Input must be either a Task or an object
- If it isn't a Task, the assumption is - you're expecting to receive the Task.input_data as the object
Output must be either a TaskResult or an object
- If it isn't a TaskResult, the assumption is - you're expecting to use the object as the TaskResult.output_data

Quick example below:

from conductor.client.http.models import Task, TaskResult
from conductor.shared.http.enums import TaskResultStatus


def execute(task: Task) -> TaskResult:
    task_result = TaskResult(
        task_id=task.task_id,
        workflow_instance_id=task.workflow_instance_id,
        worker_id='your_custom_id'
    )
    task_result.add_output_data('worker_style', 'function')
    task_result.status = TaskResultStatus.COMPLETED
    return task_result

In the case you like more details, you can take a look at all possible combinations of workers here

Worker as a class

The class must implement WorkerInterface class, which requires an execute method. The remaining ones are inherited, but can be easily overridden. Example with a custom polling interval:

from conductor.client.http.models import Task, TaskResult
from conductor.shared.http.enums import TaskResultStatus
from conductor.client.worker.worker_interface import WorkerInterface

class SimplePythonWorker(WorkerInterface):
    def execute(self, task: Task) -> TaskResult:
        task_result = self.get_task_result_from_task(task)
        task_result.add_output_data('worker_style', 'class')
        task_result.add_output_data('secret_number', 1234)
        task_result.add_output_data('is_it_true', False)
        task_result.status = TaskResultStatus.COMPLETED
        return task_result

    def get_polling_interval_in_seconds(self) -> float:
        # poll every 500ms
        return 0.5

Worker as an annotation

A worker can also be invoked by adding a WorkerTask decorator as shown in the below example. As long as the annotated worker is in any file inside the root folder of your worker application, it will be picked up by the TaskHandler, see Run Workers

The arguments that can be passed when defining the decorated worker are:

task_definition_name: The task definition name of the condcutor task that needs to be polled for.
domain: Optional routing domain of the worker to execute tasks with a specific domain
worker_id: An optional worker id used to identify the polling worker
poll_interval: Polling interval in seconds. Defaulted to 1 second if not passed.

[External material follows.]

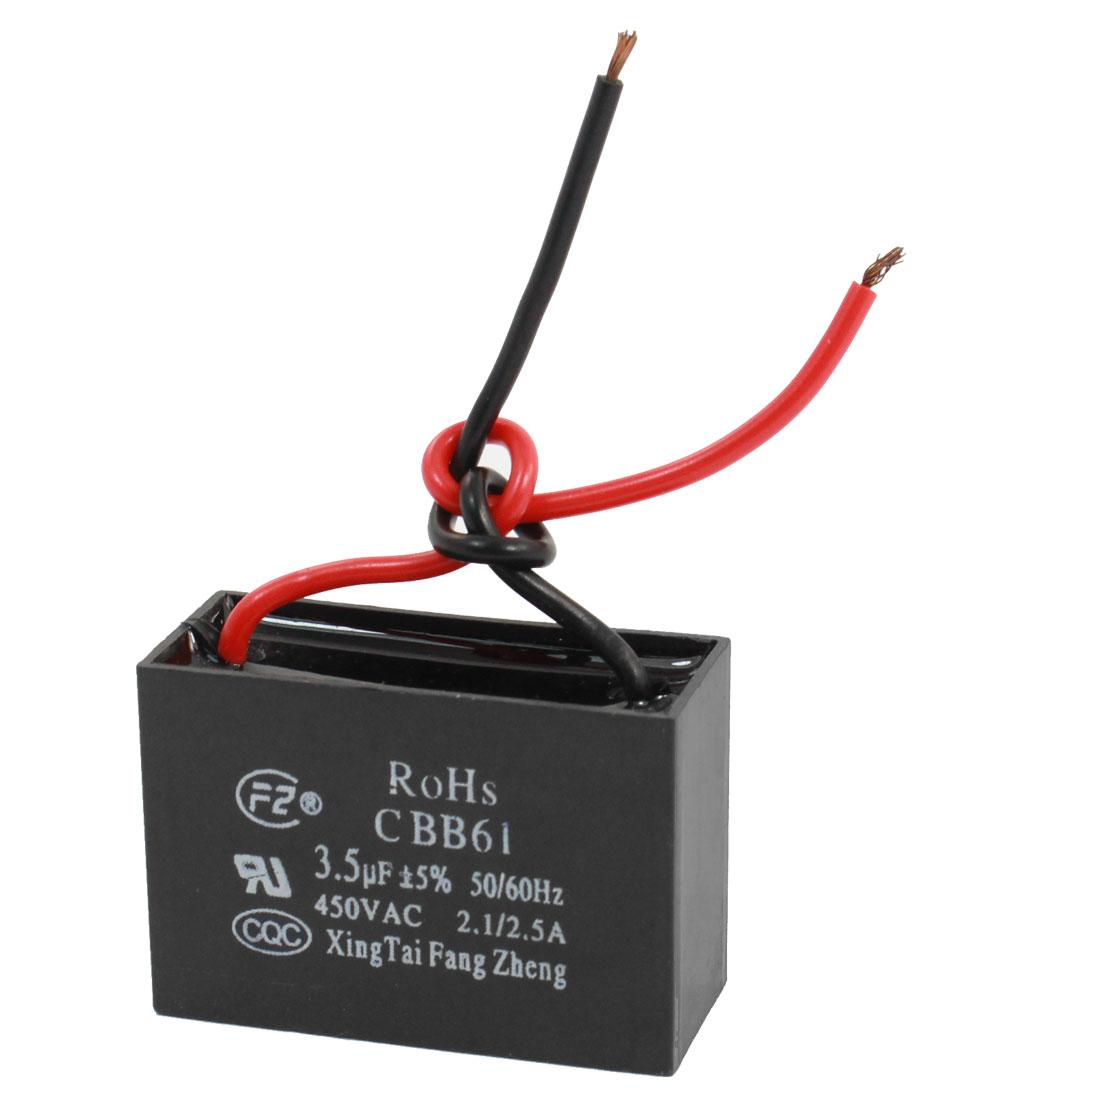 AC 450V 50/60Hz Rectangle Dual Wire Motor Run Capacitor 3.5uF CBB61
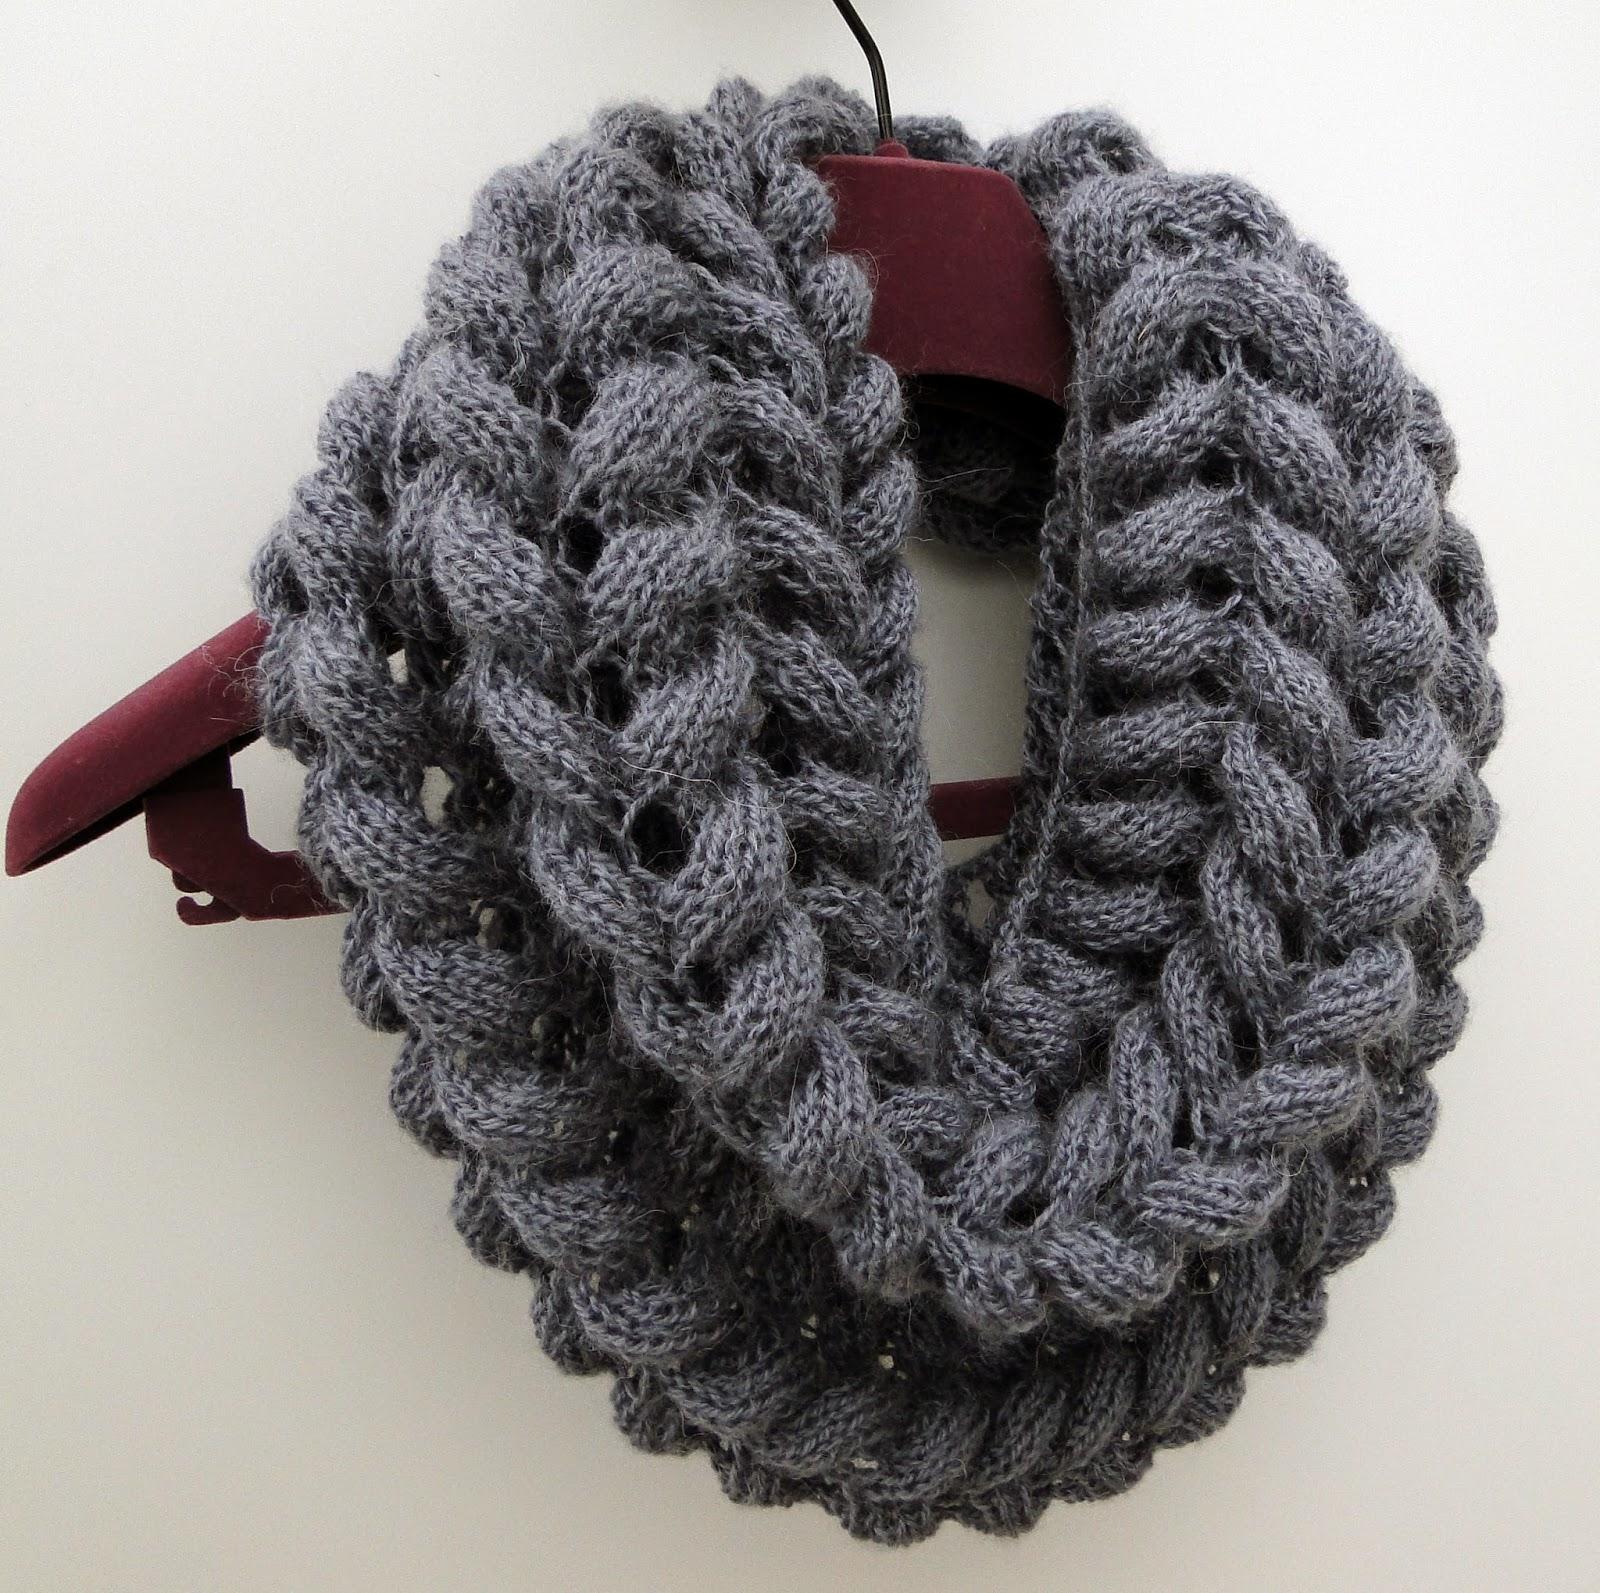 3 Rabbits Patterns: Scarf Cowl Knitting Pattern

from conductor.client.worker.worker_task import WorkerTask

@WorkerTask(task_definition_name='python_annotated_task', worker_id='decorated', poll_interval=200.0)
def python_annotated_task(input) -> object:
    return {'message': 'python is so cool :)'}

Run Workers

Now you can run your workers by calling a TaskHandler, example:

from conductor.shared.configuration.settings.authentication_settings import AuthenticationSettings
from conductor.client.configuration.configuration import Configuration
from conductor.client.automator.task_handler import TaskHandler
from conductor.client.worker.worker import Worker

#### Add these lines if running on a mac####
from multiprocessing import set_start_method

set_start_method('fork')
############################################

SERVER_API_URL = 'http://localhost:8080/api'
KEY_ID = '<KEY_ID>'
KEY_SECRET = '<KEY_SECRET>'

configuration = Configuration(
    server_api_url=SERVER_API_URL,
    debug=True,
    authentication_settings=AuthenticationSettings(
        key_id=KEY_ID,
        key_secret=KEY_SECRET
    ),
)

workers = [
    SimplePythonWorker(
        task_definition_name='python_task_example'
    ),
    Worker(
        task_definition_name='python_execute_function_task',
        execute_function=execute,
        poll_interval=250,
        domain='test'
    )
]

# If there are decorated workers in your application, scan_for_annotated_workers should be set
# default value of scan_for_annotated_workers is False
with TaskHandler(workers, configuration, scan_for_annotated_workers=True) as task_handler:
    task_handler.start_processes()

If you paste the above code in a file called main.py, you can launch the workers by running:

python3 main.py

Task Domains

Workers can be configured to start polling for work that is tagged by a task domain. See more on domains here.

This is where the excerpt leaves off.